The Dow Jones has gone from 6500 to around 27000 earlier this year, and the S&P 500 has posted similar gains, rising from around 670 to around 2940.

Indeed this has helped global stock markets soar higher in recent years, which has resulted in many active and passive investors growing their portfolios quite substantially.

However yesterday’s big sell off, triggered in part by the threat of rapidly rising interest rates, could signal that the bull run is finally over.

Yesterday’s Sell-Off

The fact is that many US companies had become seriously overvalued due to continued share price rises, and this was even more true for many of the top technology companies.

So my own personal view is that yesterday’s sell-off, which saw 800+ points wiped off the Dow Jones, has been a long time coming, and is actually quite healthy in many respects, even if it has negatively affected my own portfolio of UK stocks.

Now we just need to wait and see if this is a short-term correction or the start of a long-term correction, but using the 200-day moving averages as a guide, the future is looking ominous.

200-Day Moving Averages

The big price rises had seen the price of the major US stock indices continue to trade far higher than the 200-day moving average of these indices, but yesterday’s falls have already seen the price come back to trade close to this key support level in both instances.

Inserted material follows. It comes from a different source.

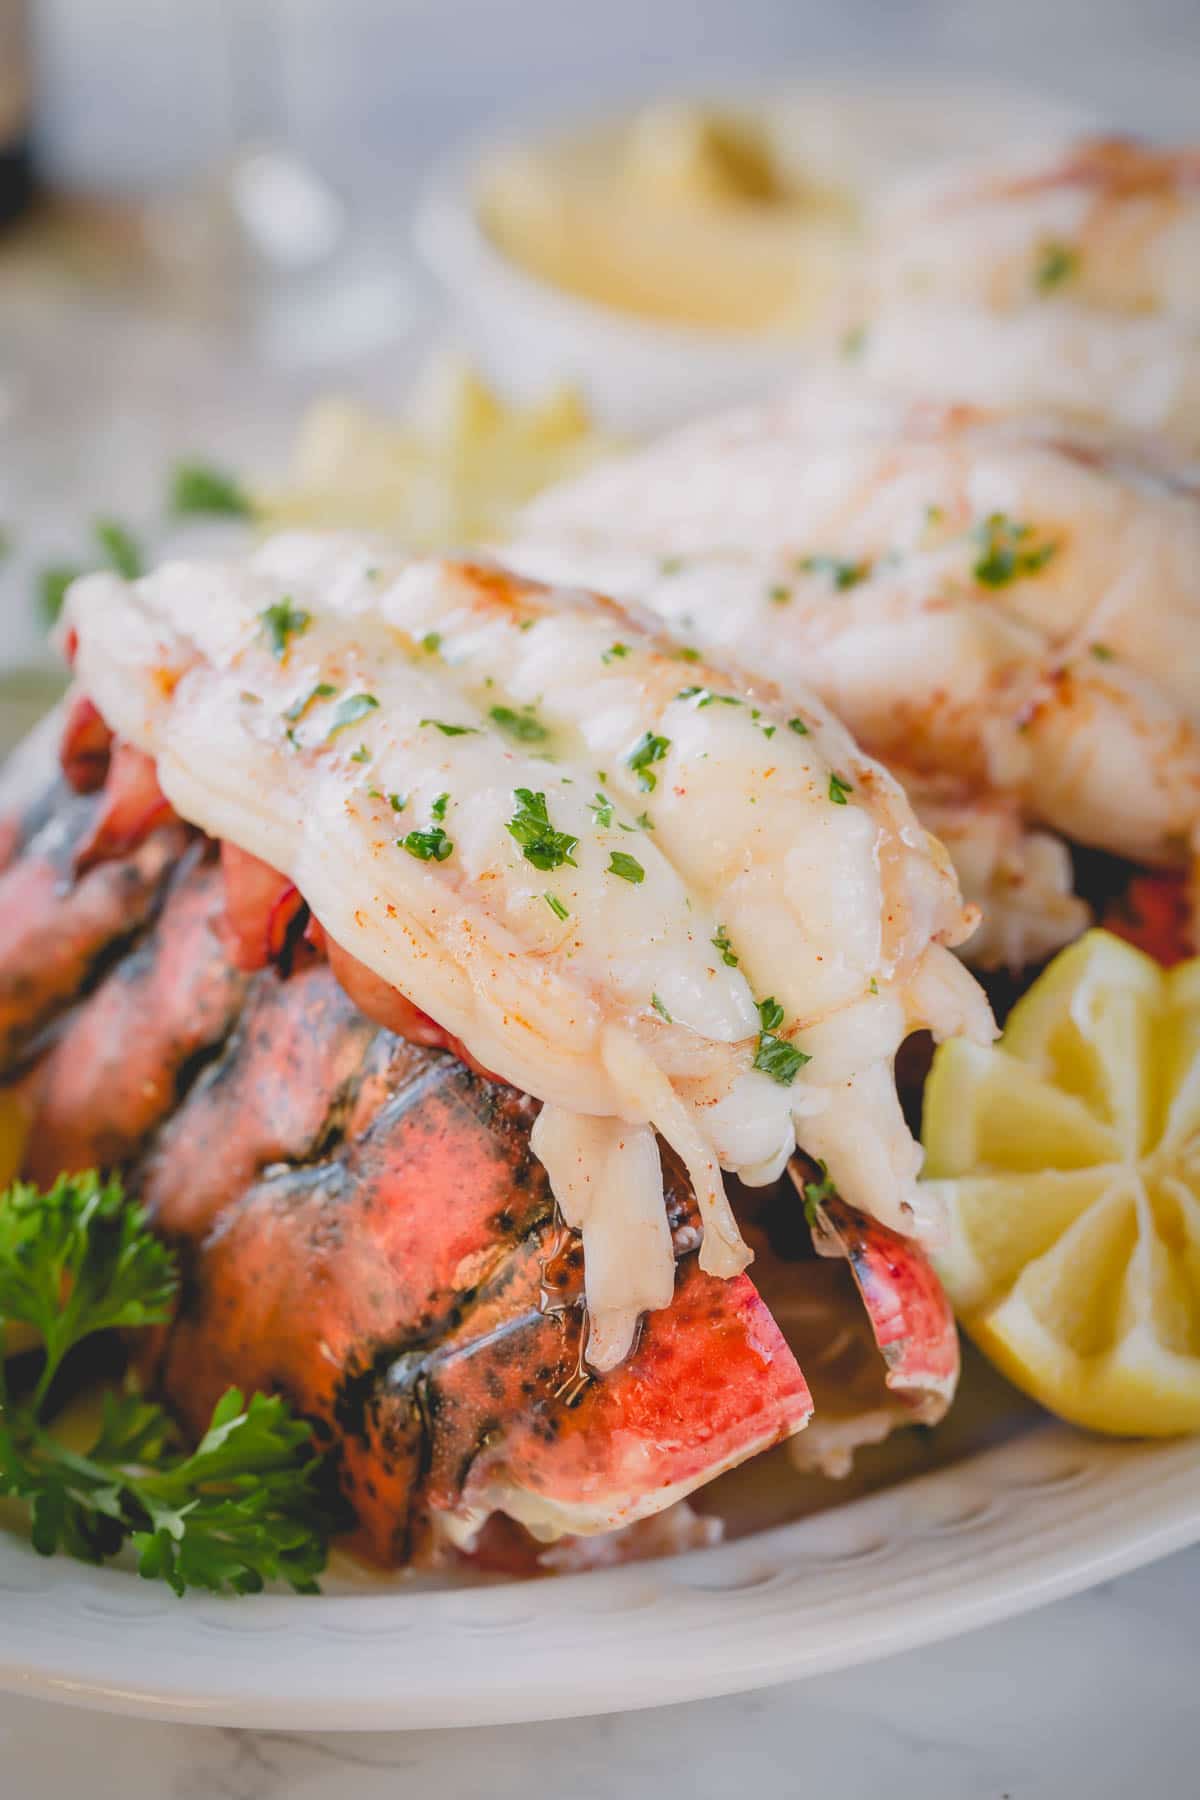 A baked lobster tail on its shell.

Here is the daily chart of the Dow Jones…

Dow Jones Chart After October Sell-Off

….and here is the daily chart of the S&P 500…

S&P 500 Chart After October Sell-Off

As you can see, with the futures once again trading lower today, the price has actually dipped below the 200-day exponential moving average on the S&P 500 at the time of writing.

Future Price Direction

A fall below the 200-day moving average isn’t enough to signal the start of a new bear market, so it is still far too early to call.

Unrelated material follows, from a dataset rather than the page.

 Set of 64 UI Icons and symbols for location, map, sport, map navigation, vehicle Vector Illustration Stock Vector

However if the price continues to trade below this critical level for the next few weeks, the shorter-term EMA (50) will eventually cross below the EMA (200), triggering a death cross, and this would be a much stronger signal that we are seeing the start of a new bear market.

Therefore there is the potential for the Dow Jones to test the previous low of 2018 – 23112 – and for the S&P 500 to test the previous low of 2553 at the very least.

Whatever happens, these are interesting times whether you are a trader or investor, and it is going to be very interesting to see where the price of these major US indices go from here.